This particular founder had built a gifting app - a deal of the day type service, but with an added twist of personalization. So rather than everyone getting access to buy 1 (or a pre-set # of) discounted item(s), the hook was the item would be guaranteed to delight the person receiving the gift (assuming you had answered the detailed questionnaire correctly). The app had apparently been gaining some traction, and users were raving about the quality of gift recommendations - nothing builds word of mouth better than relieved husbands getting the right gifts for their wives.
Where the conversation got really interesting for me was the business model. Basically, the company was doing a tight dance on pre-buying enough quantity in bulk for the margins to make sense, but not so much that they had excess inventory lying around. In their business, “sold out” was not necessarily a bad thing, but if the average user’s experience always ended in “sold out”, then it would become a problem. Arbitraging on merchandise is not a scalable business model unless (a) you’ve got a monopoly on some hot item or (b) you’re Amazon and scaling hyper-efficiently.

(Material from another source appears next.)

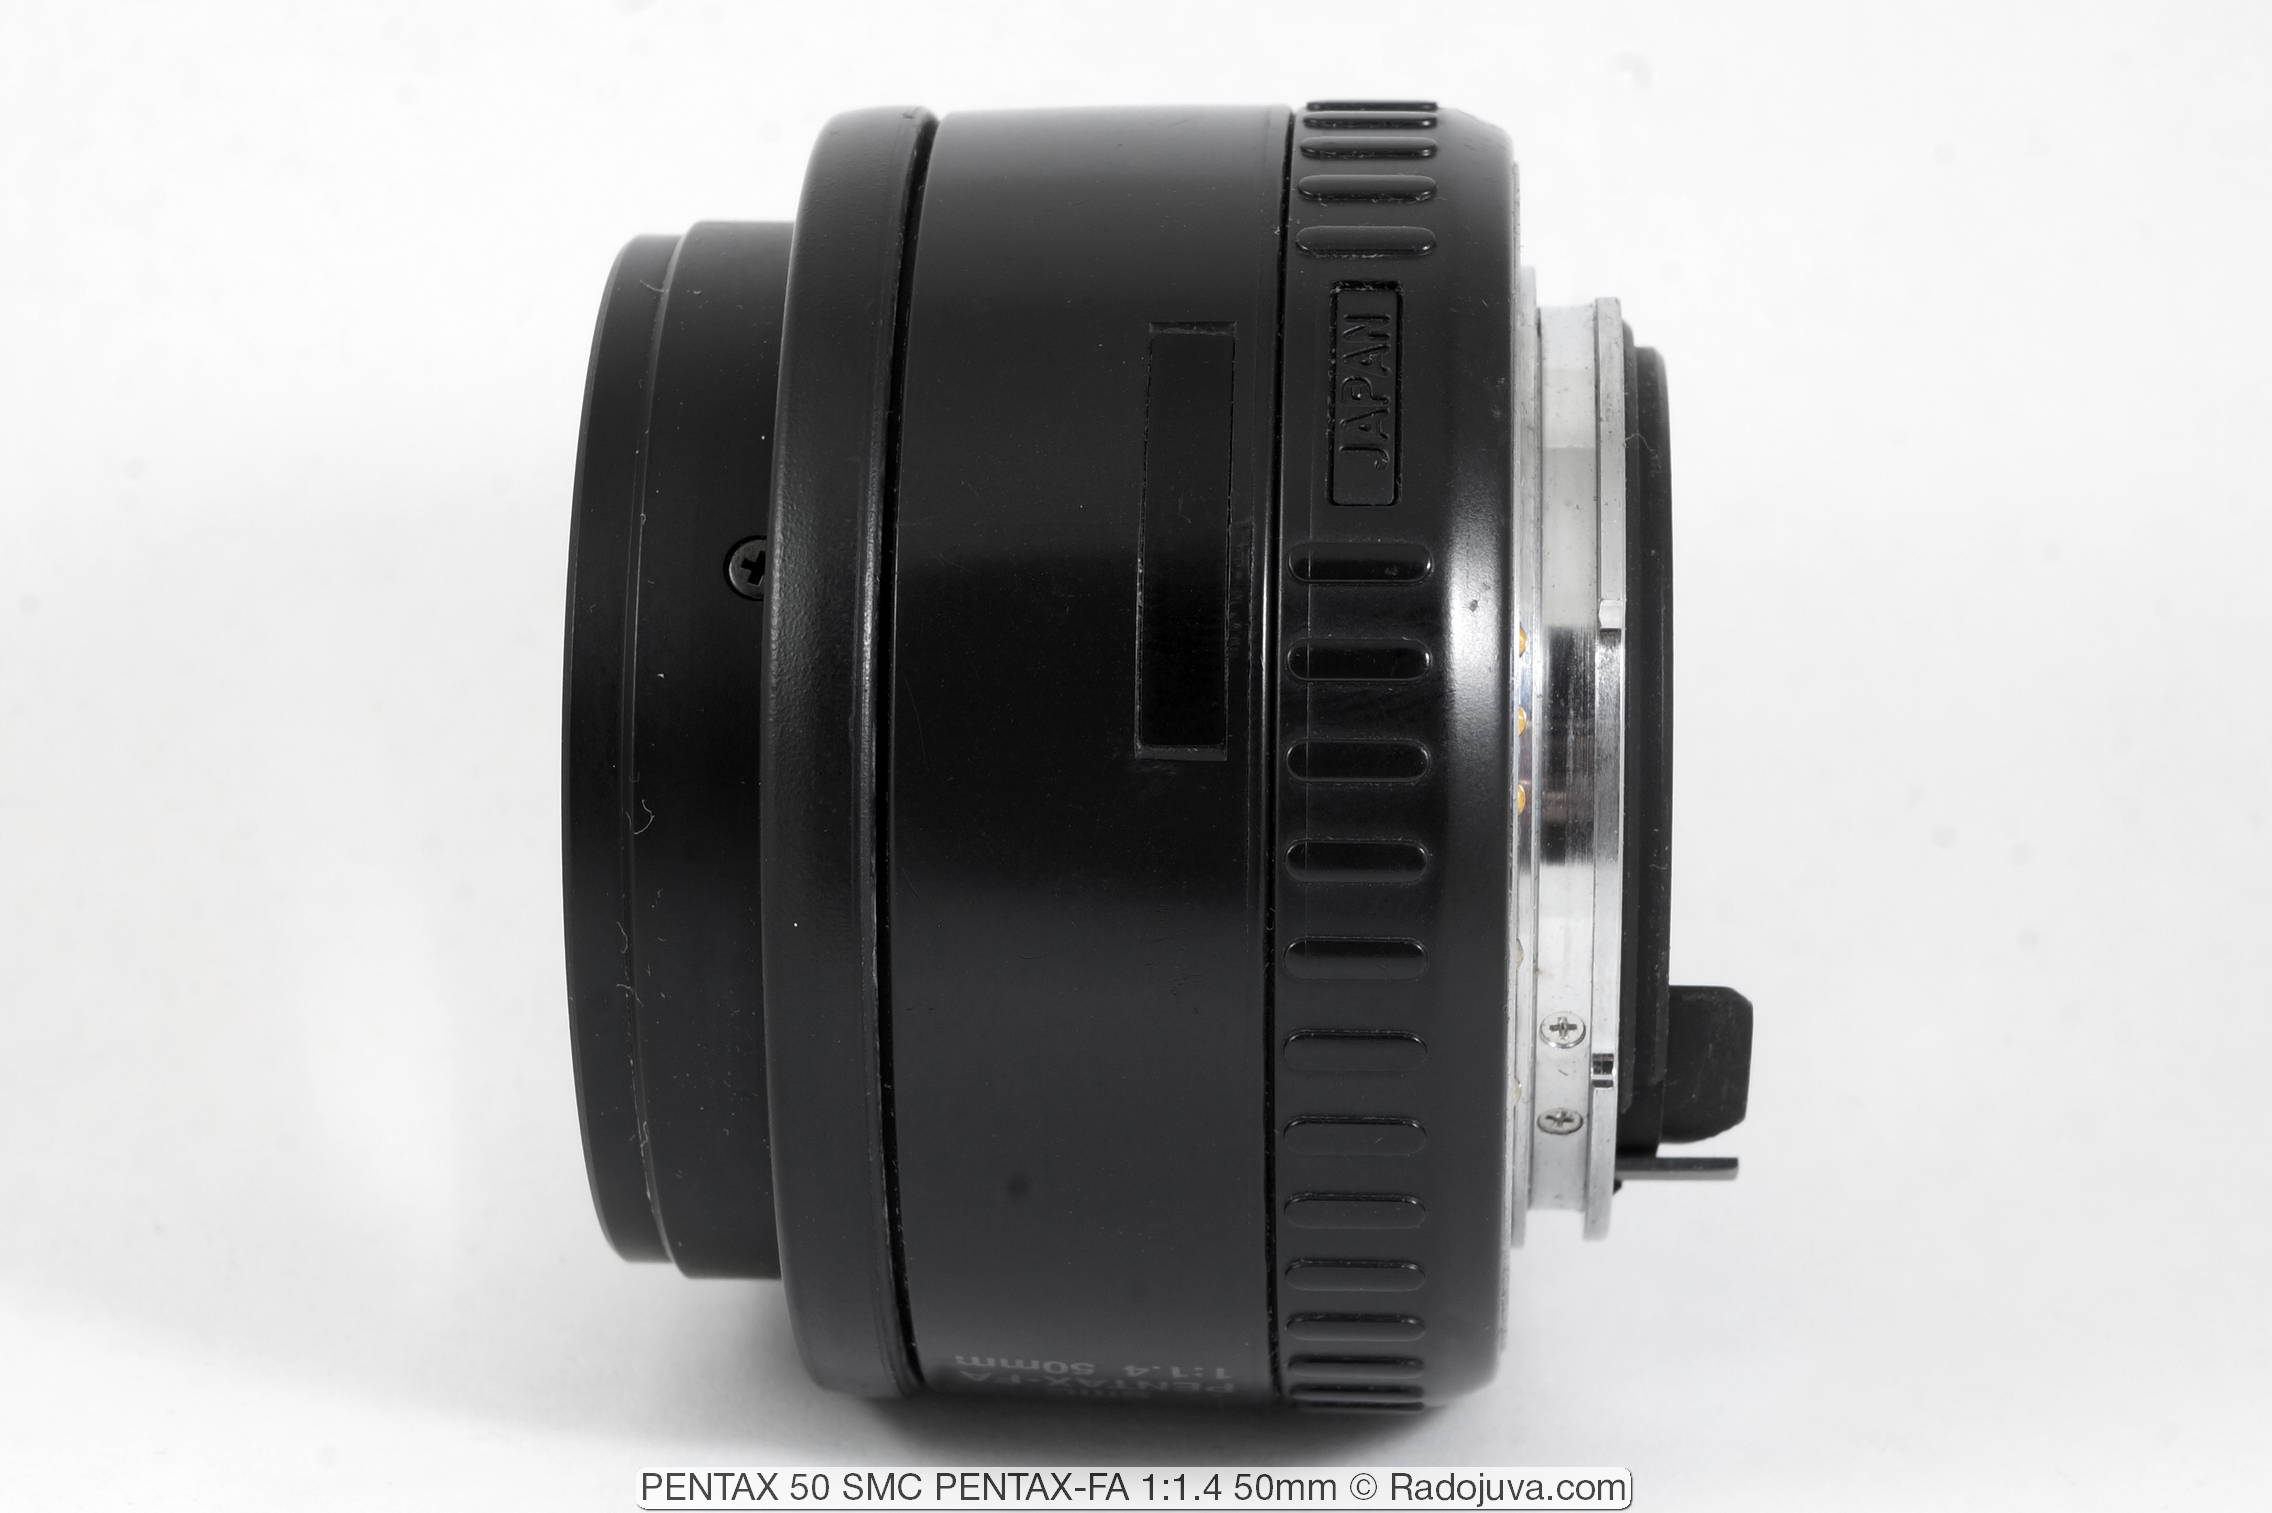 PENTAX 50 SMC PENTAX-FA 1:1.4 50mm

So…how else could this gifting app make money?
Well, after building a user base that has faith that the gifts will be spot-in terms of delight-factor AND creating belief that items will quickly “sell out”, the founder realized his service had unintentionally manufactured a currency that people valued: time!
People were falling over themselves to log into the app at exactly the moment the new gifts dropped, and even a precious few seconds mattered between the have’s and have-not’s. And extra time was something users were willing to pay for. So the concept of buying early access was introduced, and a rewards program was created where regular buyers were gifted chunks of seconds for their loyalty. Coming soon: the ability to trade and transfer time to other users on the platform.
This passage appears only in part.